The package, which was consulted on last year, introduced new rules and regulations which placed clear timeframes on actions to halt and reverse declining water quality.

Included in the package was a new National Environment Standard for Freshwater and a new National Policy Statement for Freshwater Management.

ES chairman Nicol Horrell said the documents would help to continue making progress towards the environmental outcomes communities want.

Funding allocated in the budget for environmental initiatives was recognition improving water quality would need investment to complement the regulatory changes announced, Mr Horrell said.

“We have progressed the proposed Southland Water and Land Plan and developed the Regional Forum to ensure we have the policies and rules in place to support the change that is required to achieve our communities’ aspirations for water in Southland.”

Those would align them well with the direction the new National Policy Statement and National Environmental Standards were taking, he said.

Several MPs had also voiced their opinions on the announcement and the changes involved.

National MP for Clutha-Southland Hamish Walker said an exemption in the freshwater policy was unfair.
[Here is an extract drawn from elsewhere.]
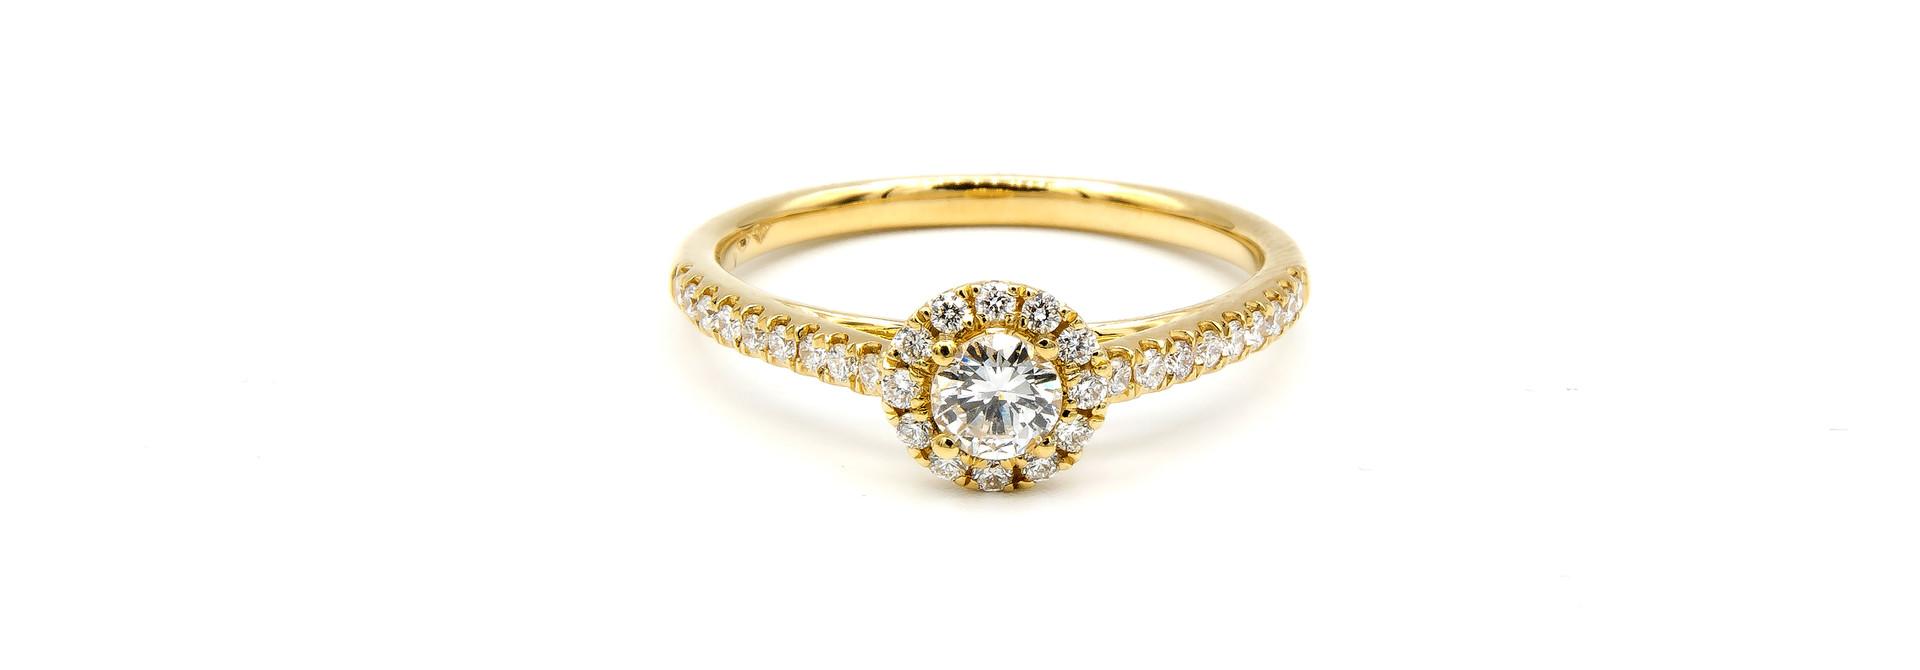 Ring verlovingsring met 0,3 ct VS en 0,26 ct VS diamant
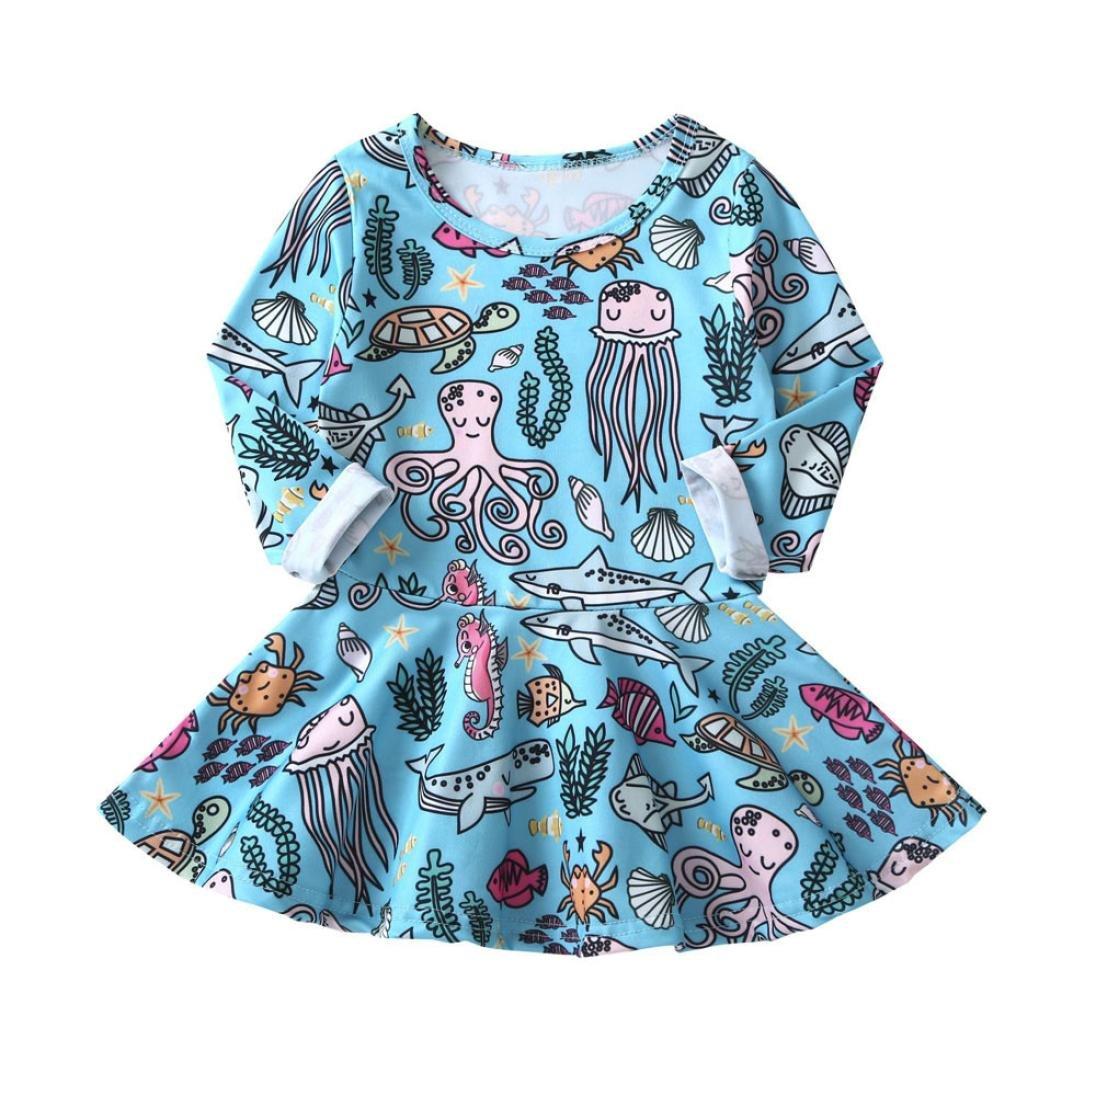 01a9040ffe86 Amazon.com  Toddler Baby Girls Infant Ocean Animal Fish Cartoon Long ...

These included five hydropower schemes including the Manapouri and Clutha schemes.

“While we are all for renewable energy, it is not fair that there is one rule for some and one rule for others.”

Labour MP Dr Liz Craig welcomed the decisions announced on the Action for Healthy Waterways Package.

“The degraded state of the New River Estuary shows what can happen if we take our eye off the ball in terms of water quality.”

The new protections for wetlands and streams, along with stronger controls on feedlots, intensive winter grazing, and excessive fertiliser use, would reduce the amount of nutrients and sediments entering our waterways, she said.

“In the New River Estuary, reducing nutrient and sediment run-off would make a huge difference, with one of the biggest threats to biodiversity being the thick nutrient-enriched mud that’s smothering everything,” she said.

She was pleased to see the Government supporting the primary sector and other groups with the $700 million fund to create jobs in riparian and wetland planting, removing sediments and other initiatives to prevent run-off entering waterways, she said.

“It’s also great to see the Government has made changes that will reduce the costs and impacts on farmers, in response the more than 17,500 submissions it received on the package, and in acknowledgement of the challenges the primary sector is facing as a result of Covid-19.”